Information shown ->
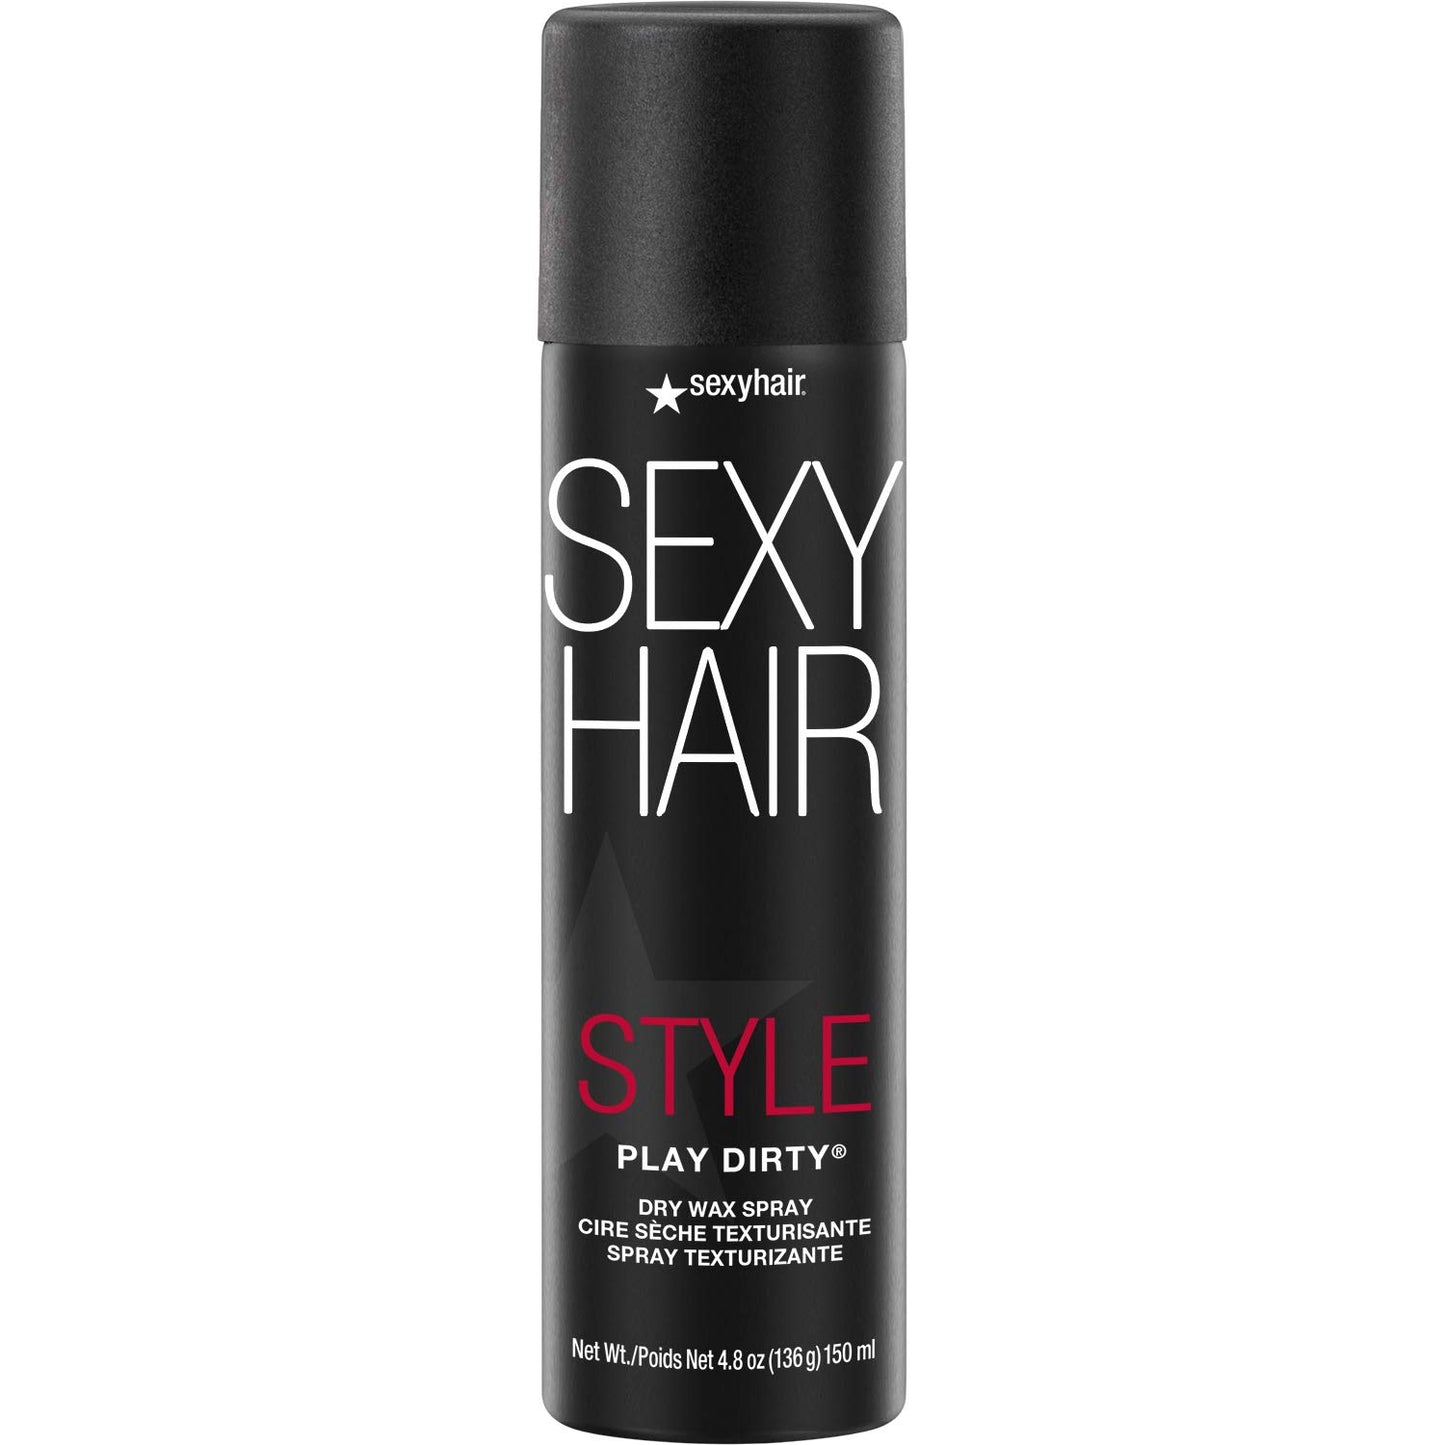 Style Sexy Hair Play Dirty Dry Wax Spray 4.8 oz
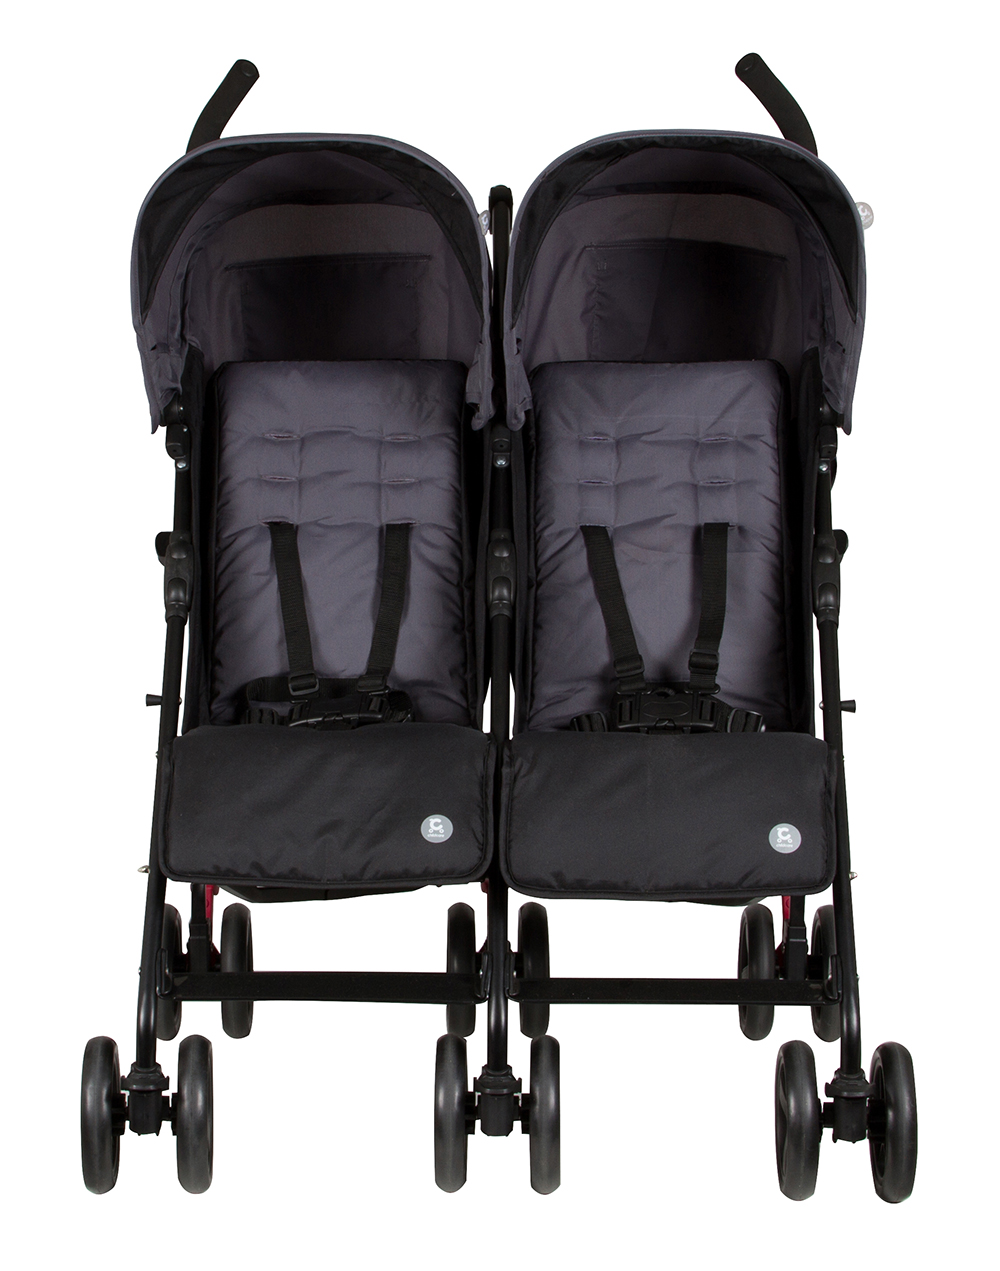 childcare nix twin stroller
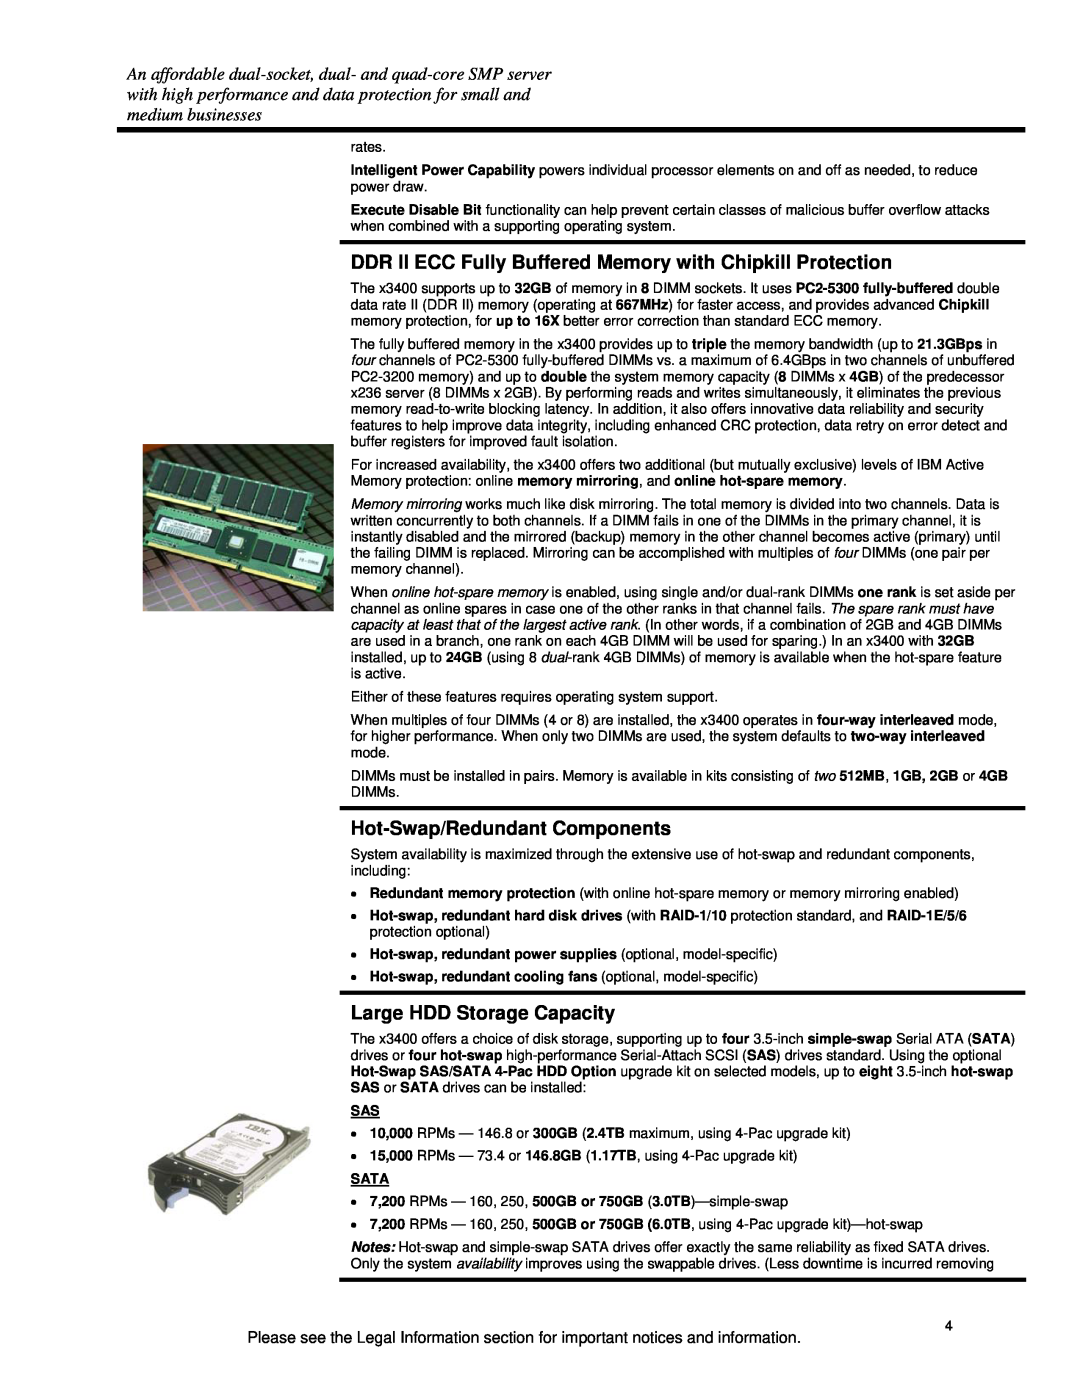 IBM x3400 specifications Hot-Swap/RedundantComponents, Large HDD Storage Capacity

Directions for this task -> Set out the material once more, exact in every line, with no images.

Written reply ->
 Style Sexy Hair Play Dirty Dry Wax Spray 4.8 oz
 childcare nix twin stroller
 IBM x3400 specifications Hot-Swap/RedundantComponents, Large HDD Storage Capacity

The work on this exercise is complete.